▶ **WHAT IS BEING ASKED**
Below are entries; repeat exactly, and nothing else, the lines from the one holding "Arcade Heroes The" through the one holding "Le teen spirit", inclusive. Leave the pictures out.

▶ **THE DATA**
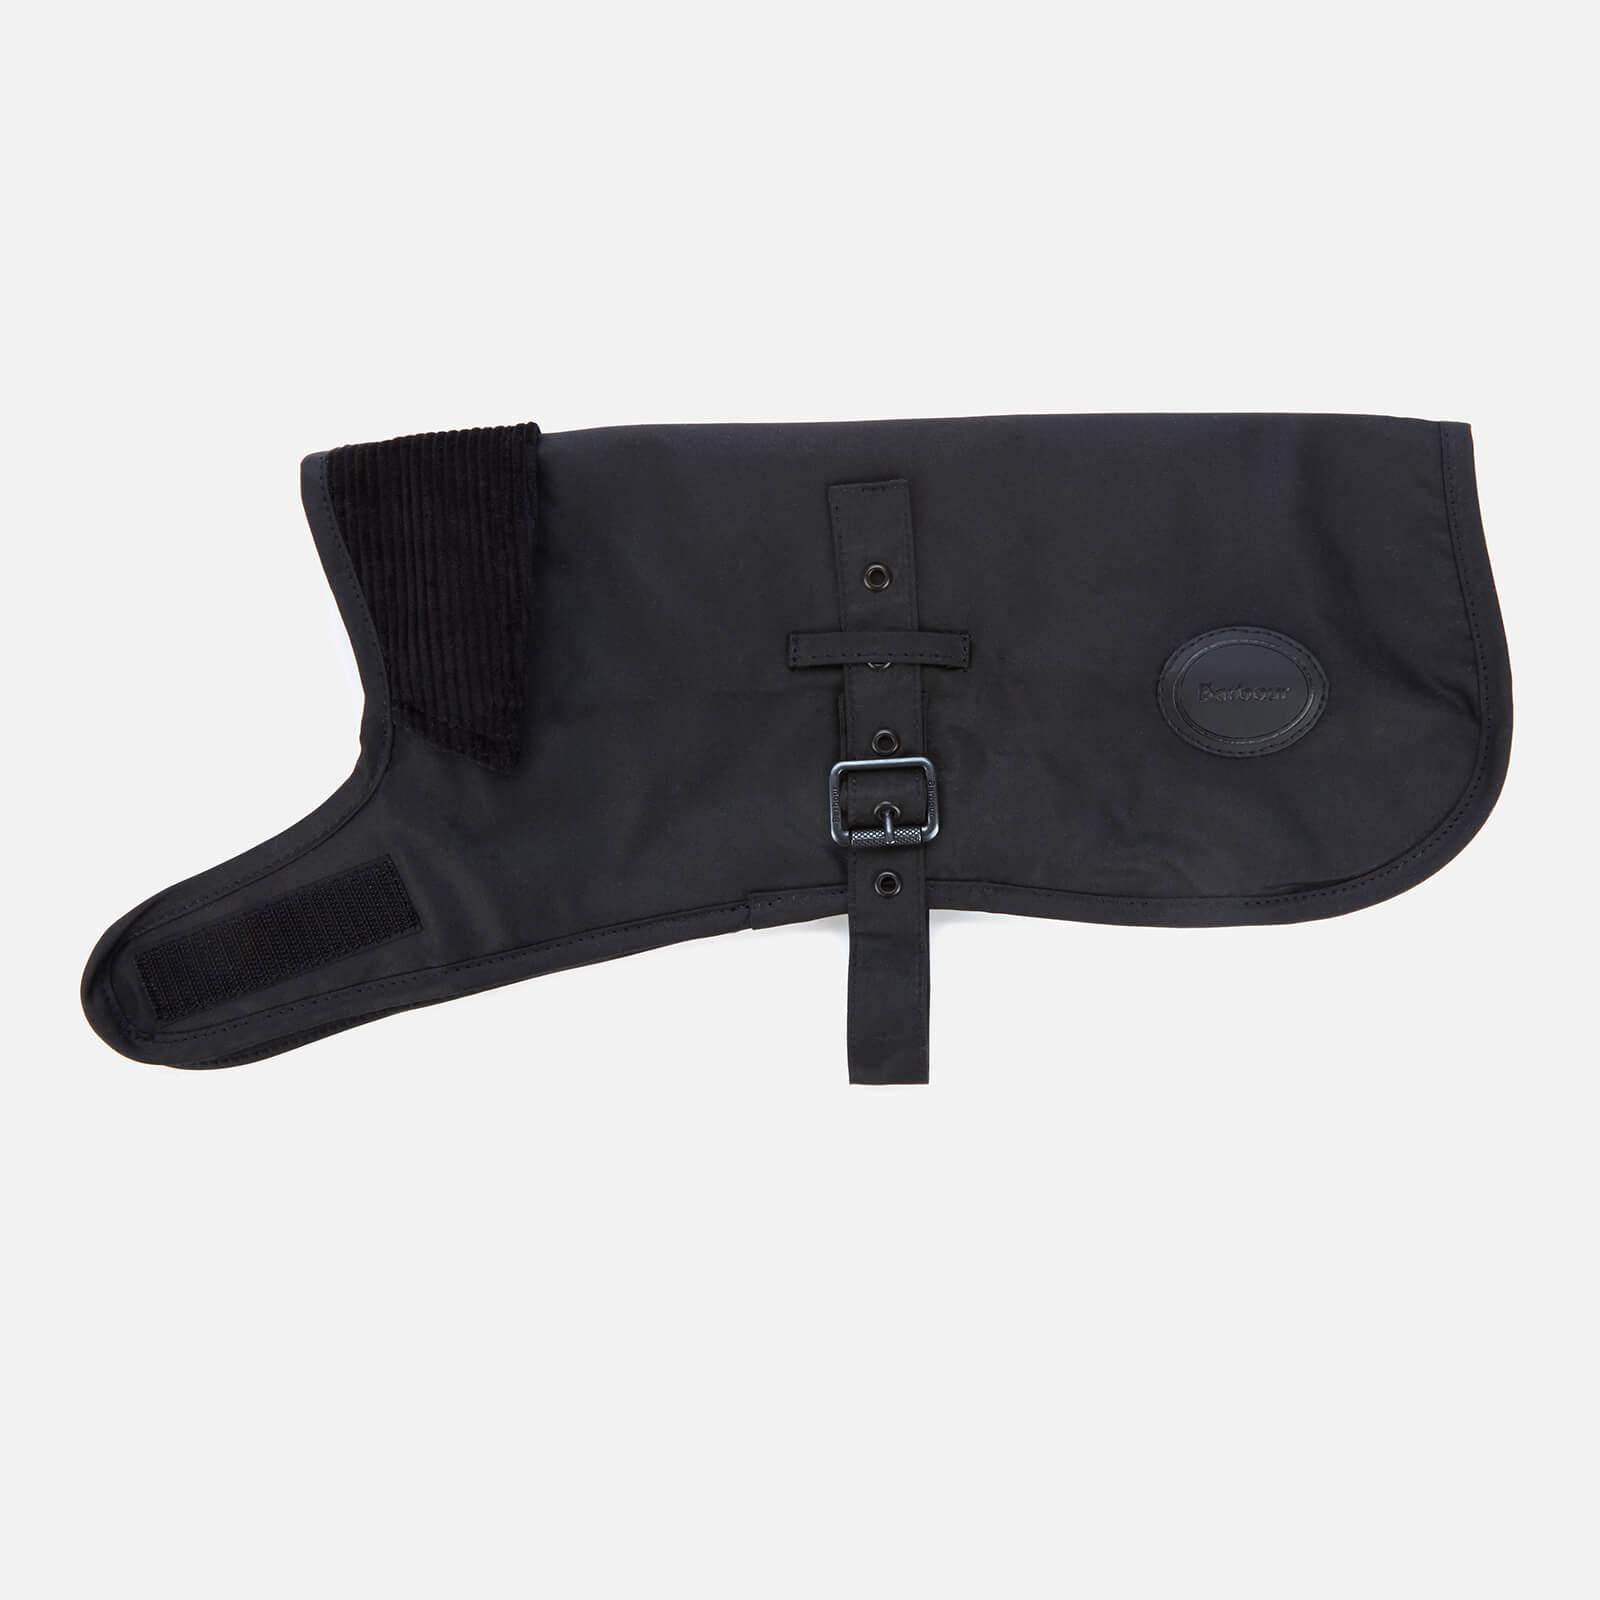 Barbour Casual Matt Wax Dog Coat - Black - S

...

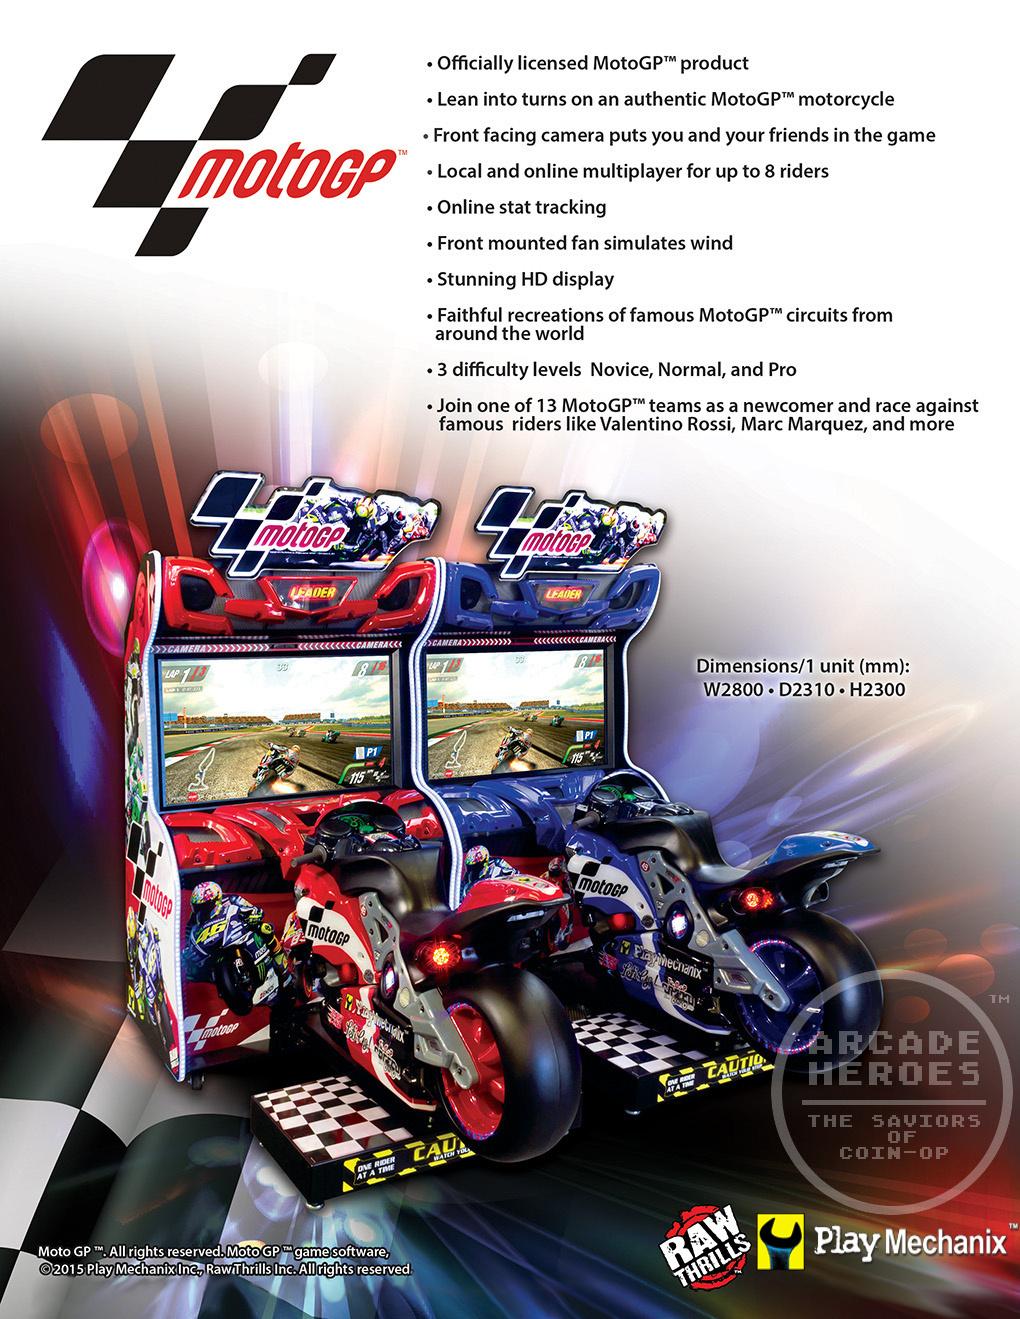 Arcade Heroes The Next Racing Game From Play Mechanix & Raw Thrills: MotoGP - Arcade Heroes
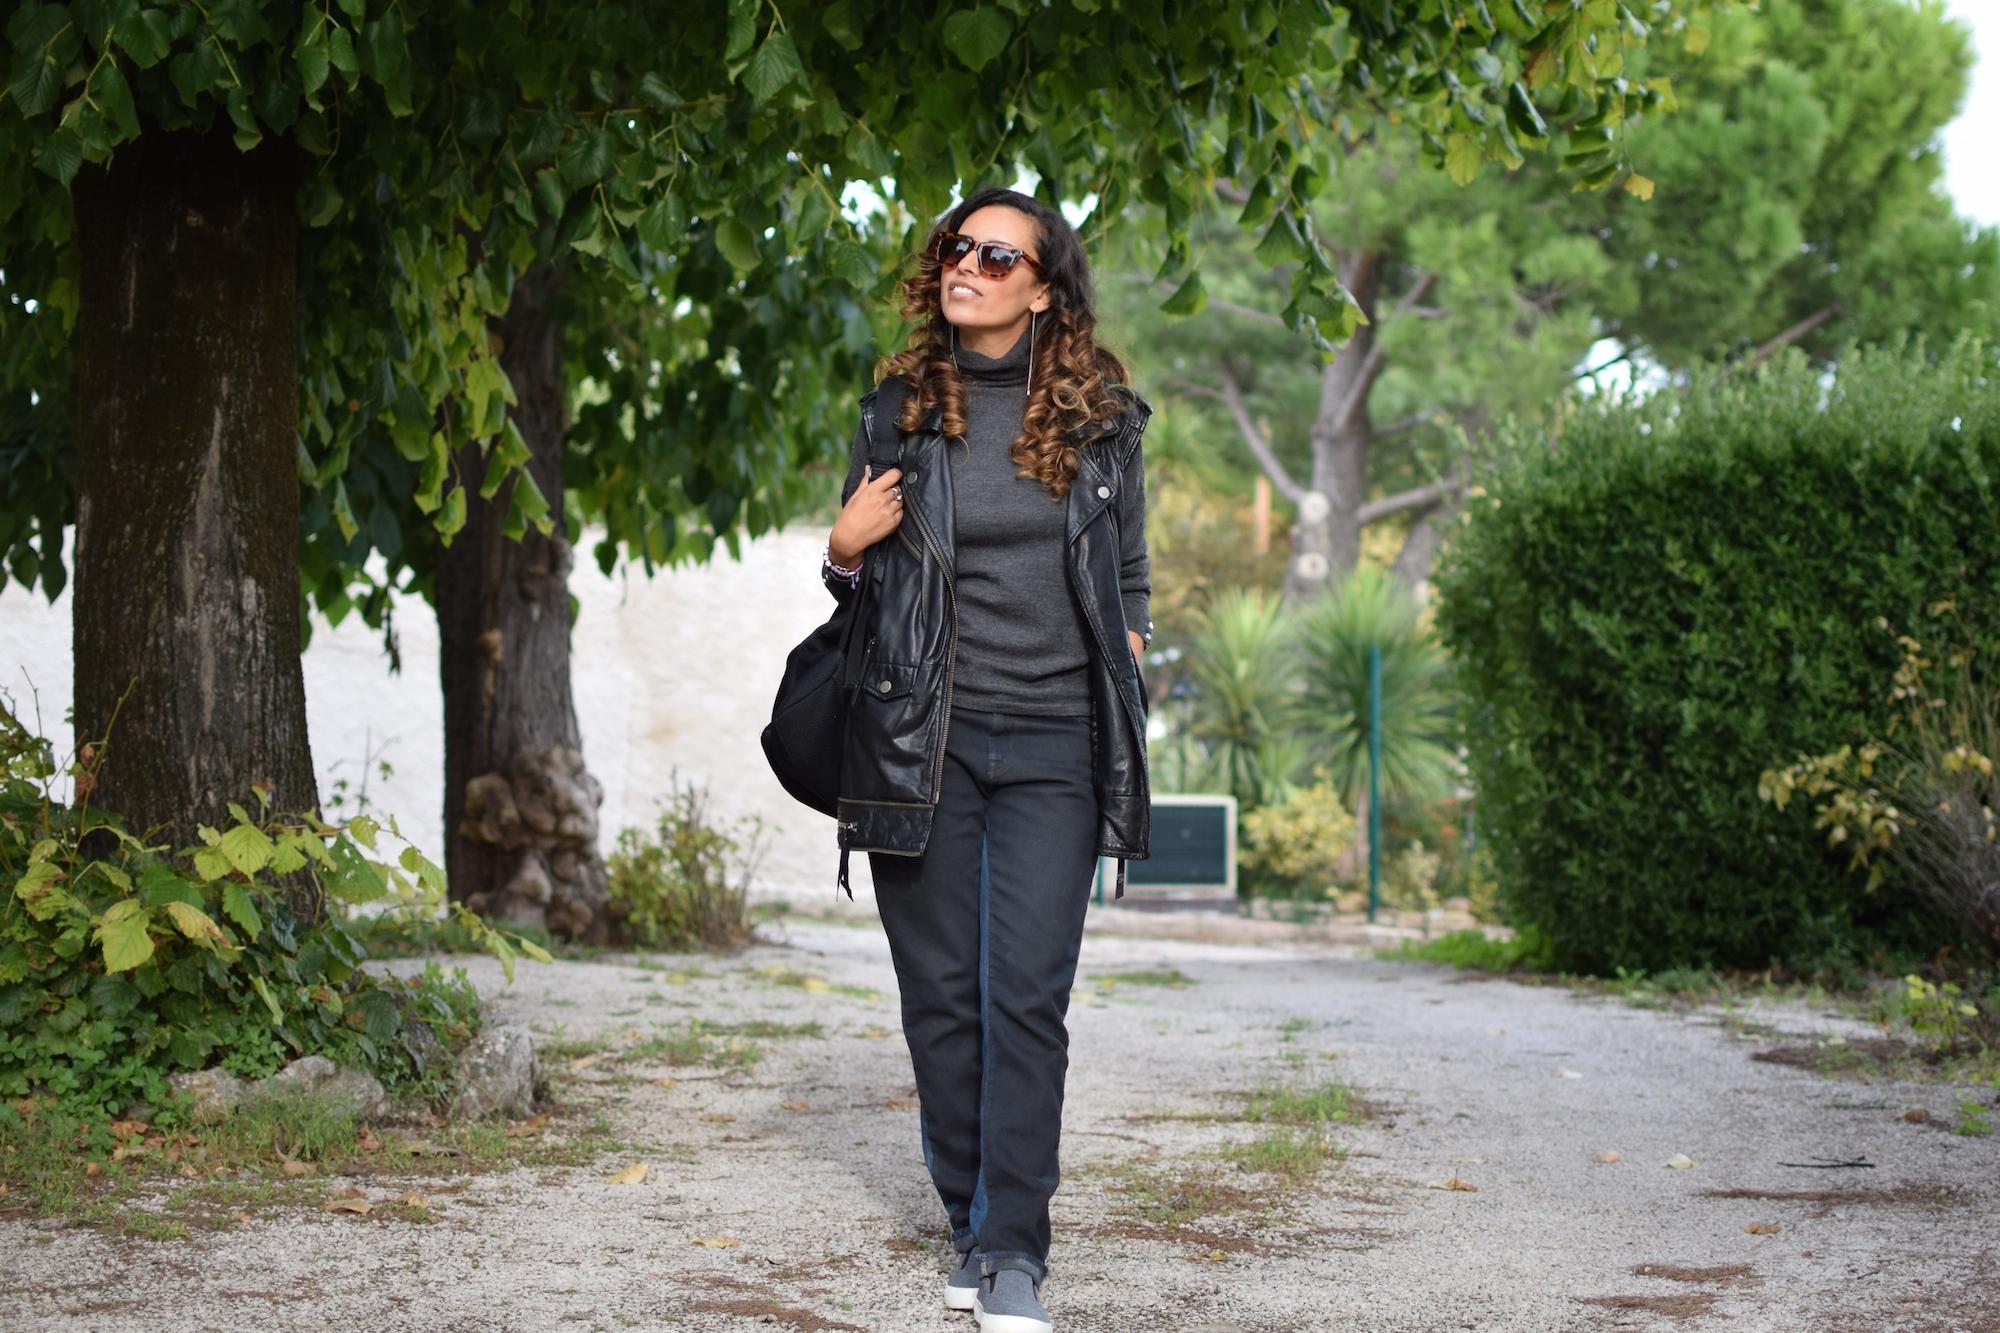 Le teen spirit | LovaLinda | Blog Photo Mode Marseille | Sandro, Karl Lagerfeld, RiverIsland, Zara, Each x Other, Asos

==

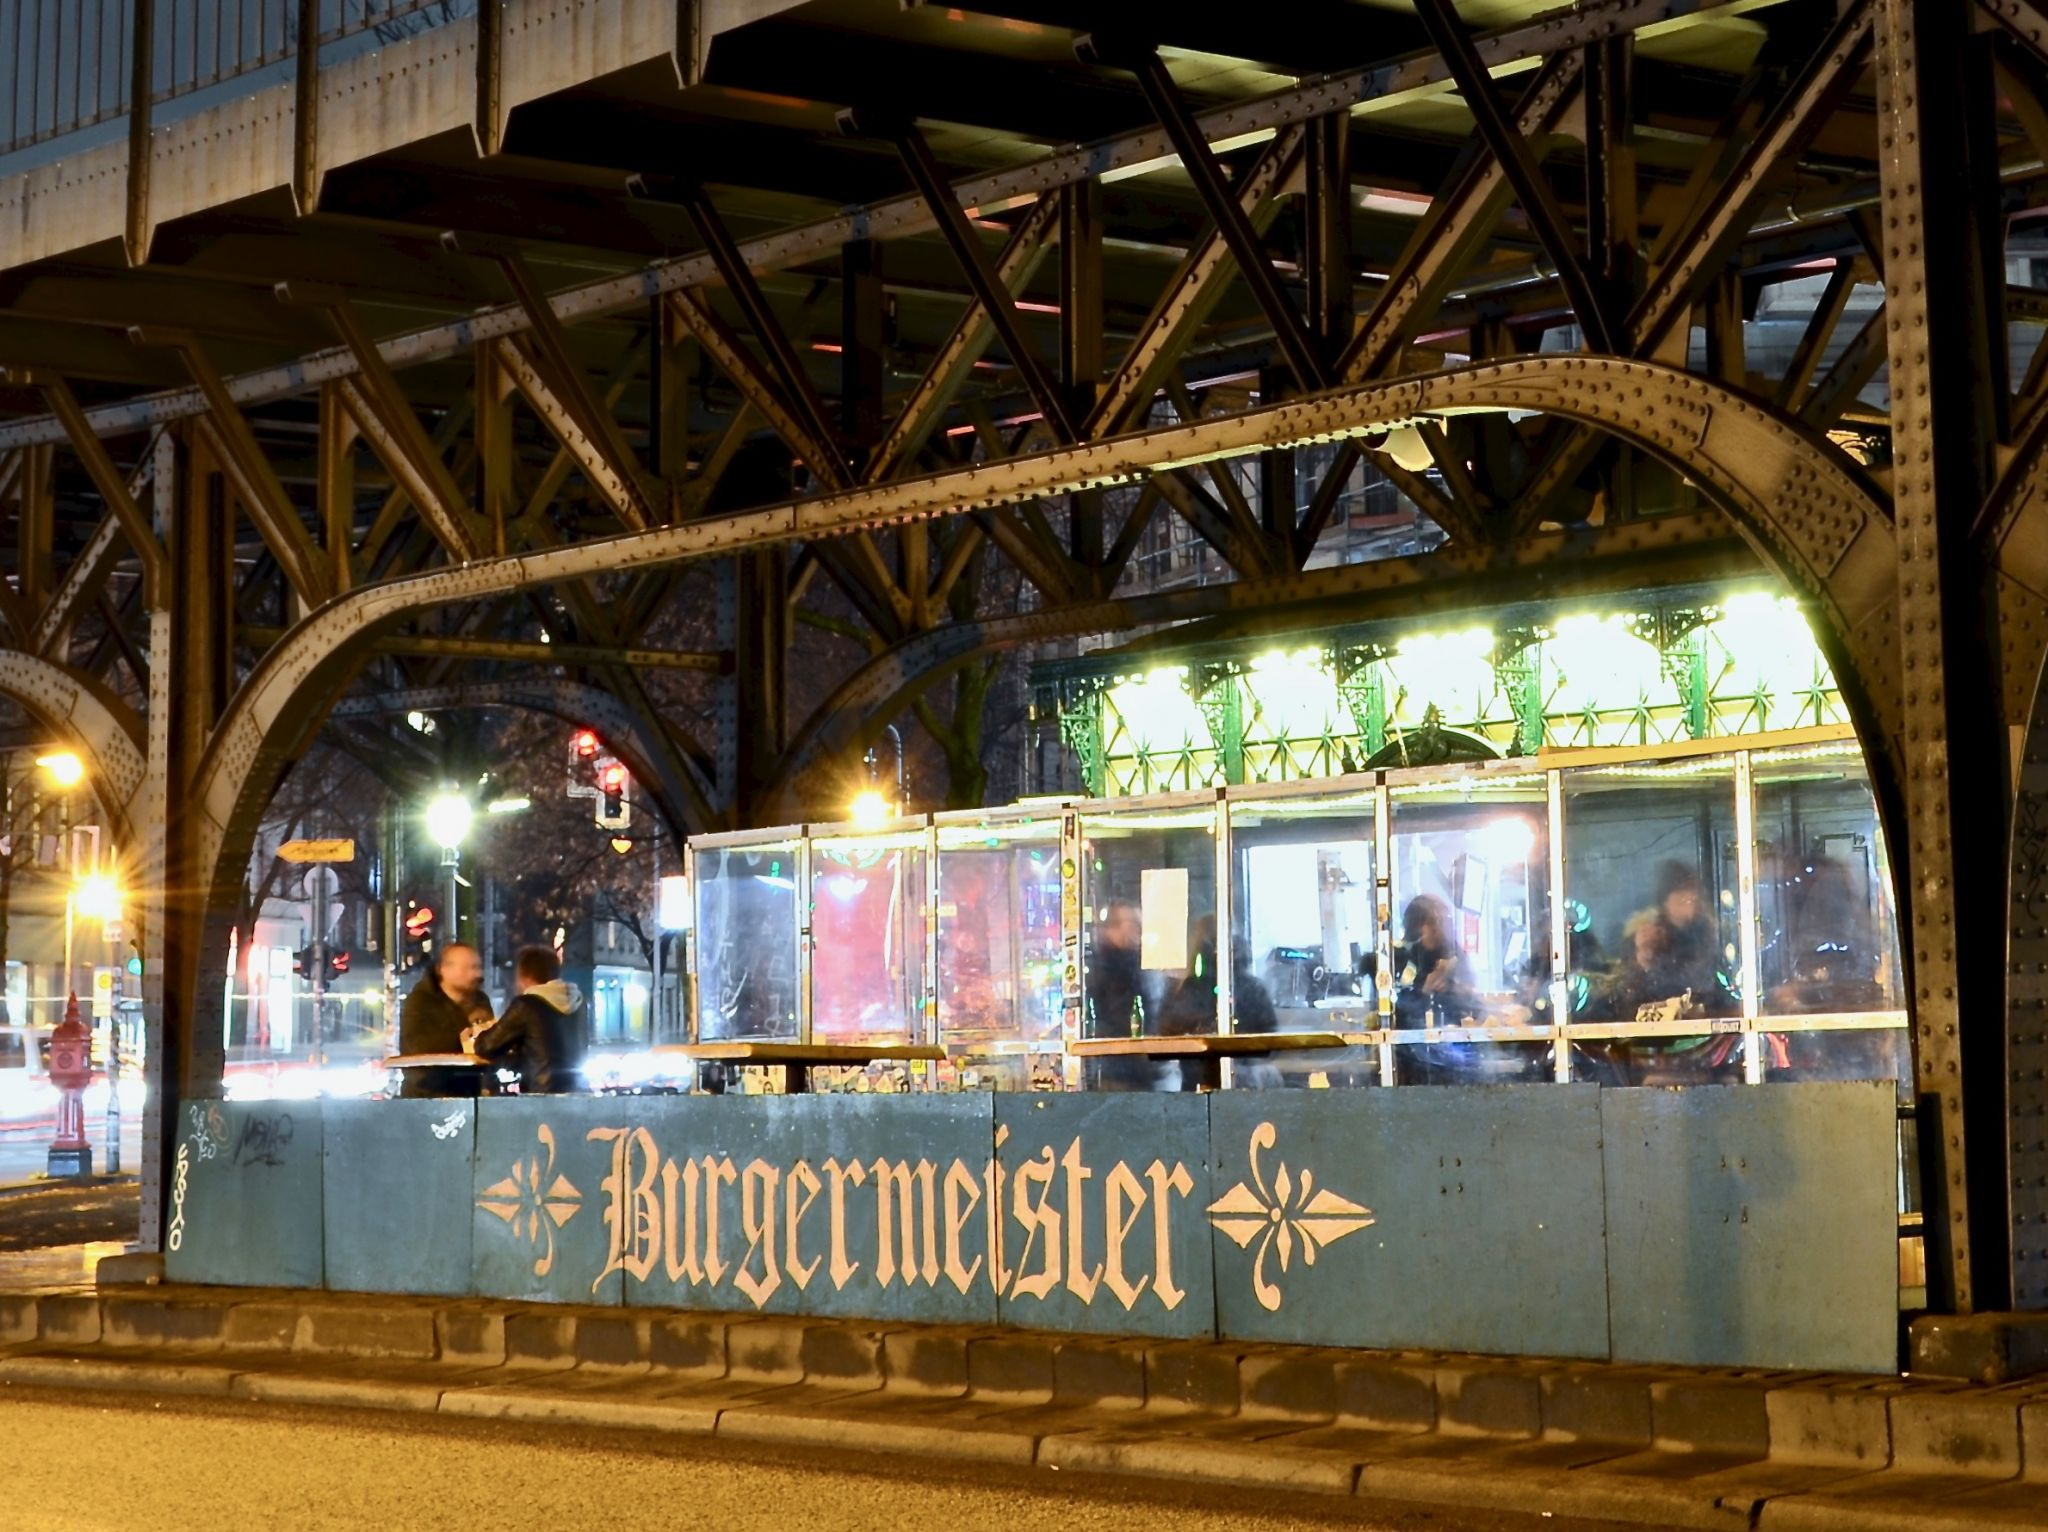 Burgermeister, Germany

▶ **TASK SOLUTION**
 Arcade Heroes The Next Racing Game From Play Mechanix & Raw Thrills: MotoGP - Arcade Heroes
 Le teen spirit | LovaLinda | Blog Photo Mode Marseille | Sandro, Karl Lagerfeld, RiverIsland, Zara, Each x Other, Asos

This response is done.